Well, just a quote from Tiobe, taken from
today:
Tiobe Index said:
The TIOBE Programming Community index is an indicator of the popularity of programming languages. The index is updated once a month. The ratings are based on the number of skilled engineers world-wide, courses and third party vendors. Popular search engines such as Google, Bing, Yahoo!, Wikipedia, Amazon, YouTube and Baidu are used to calculate the ratings. It is important to note that the TIOBE index is not about the best programming language or the language in which most lines of code have been written.
According to
the definition of the index is not about searching career platforms, but the search term "+<language> programming", which can include tutorials, books, community sites, etc. Believing in the self-adjusting nature of the market you get an overview about what programmers need to learn and use a language. I would say a weight is more on learning, than on using a language, but that's just my opinion.
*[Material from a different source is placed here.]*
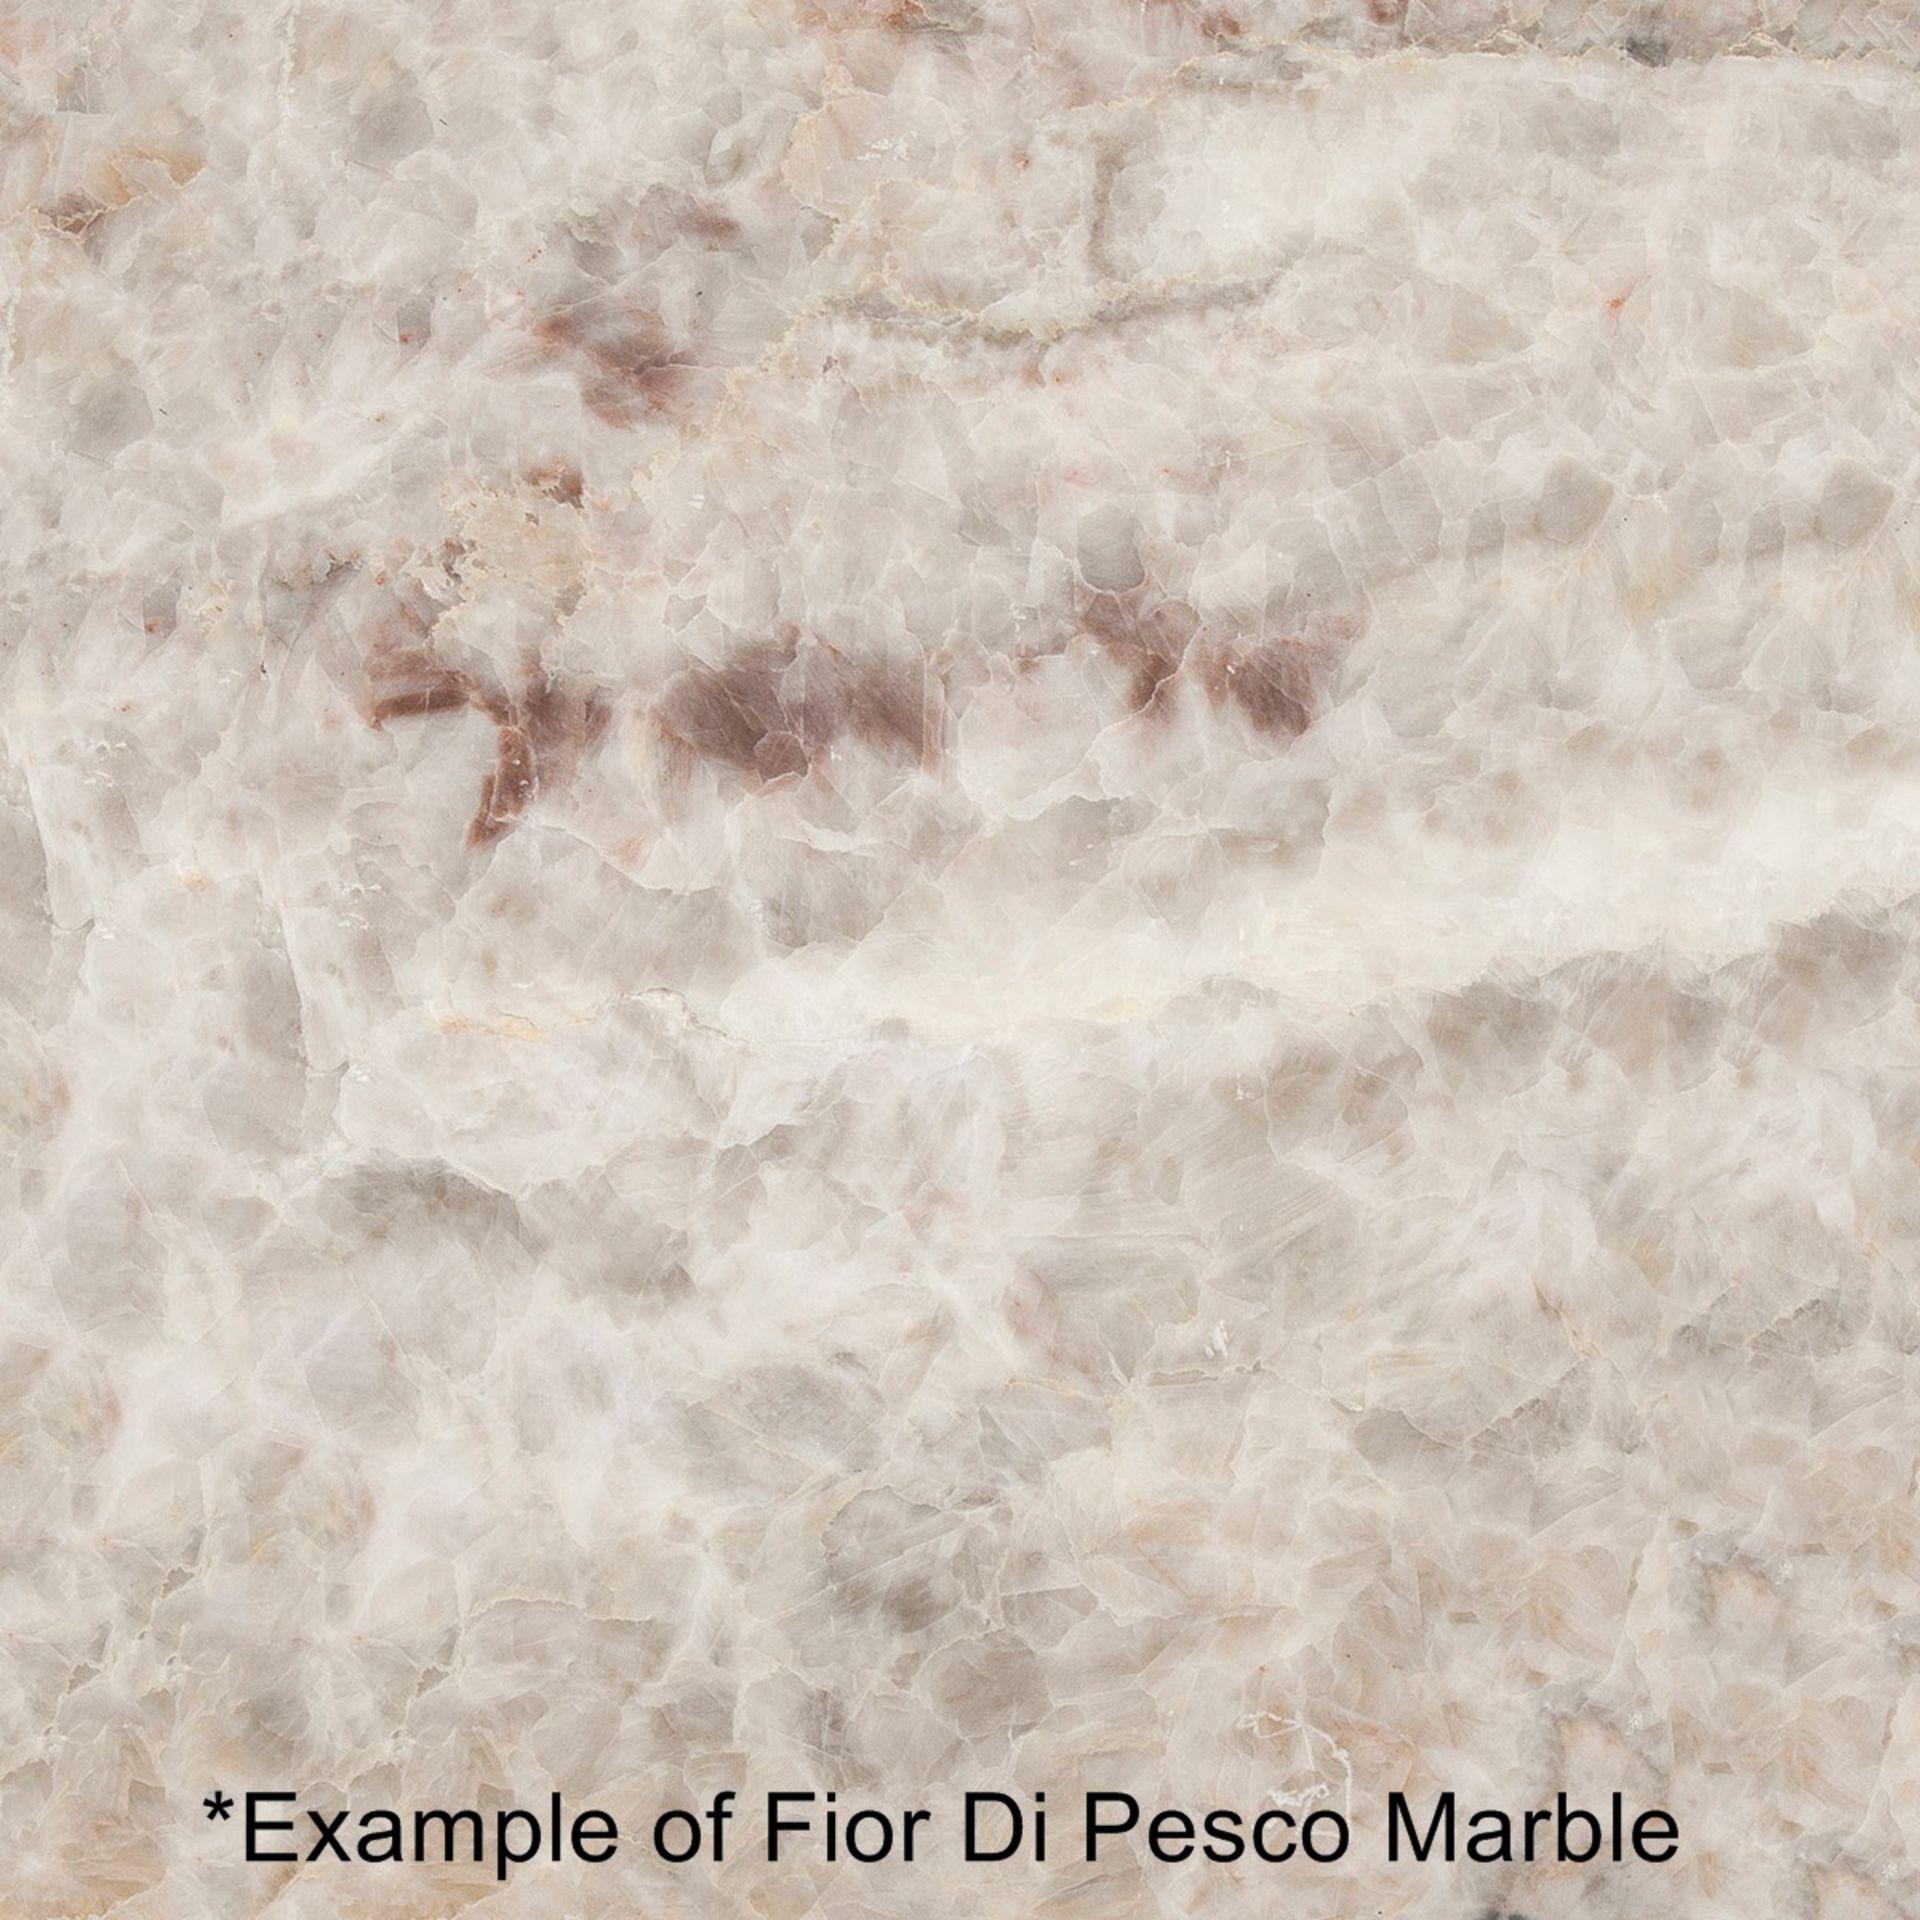 1 x POLTRONA FRAU 'Othello' Fior Di Pesco 2.6 Metre Long Marble Table Top - Dimensions: 260x100cm - Image 4 of 6

By no means is it an index that tells you how many job offers for employees are there and which skill is most needed for freelancers to find their work. The codebase that is to be maintained also includes languages with less popularity as especially cstom made software it usually a long term investment of companies, which will be dominated by what was used in the past more than what will perhaps be used in the future and what shuold be used or what should
have been used.
I see that C++ rose to the top, and Tiobe writes that rise began with the C++11 standard and it got to the top because of the C++20 standard, C++22 is in the working. I welcome that trend. Anyway, I think there is still much to maintain in JAVA and PHP, even though JAVA just dropped to place 3 and PHP is only just in the top 10.
So it also depends what you think you qualify for. As a senior developer I see you get les often hired for a job that riscs using a trend not becoming a norm, but are looked for to maintain something that has aged or matured. And that's also a reason you do find VFP projects at all.
In 2005/6 Foxpro appeared on the list, mainly because of the discussion of its discontinuation. I have friends were getting employed by banks as developers and they used FORTRAN at least up to 2010. So it also depends on how strongly dependent a sector is of software written in a language that was used long ago. If I see the fintech sector today I see apps written in Python and Javascript tough, it's not all mainframes, Fortran, Cobol and such legacies.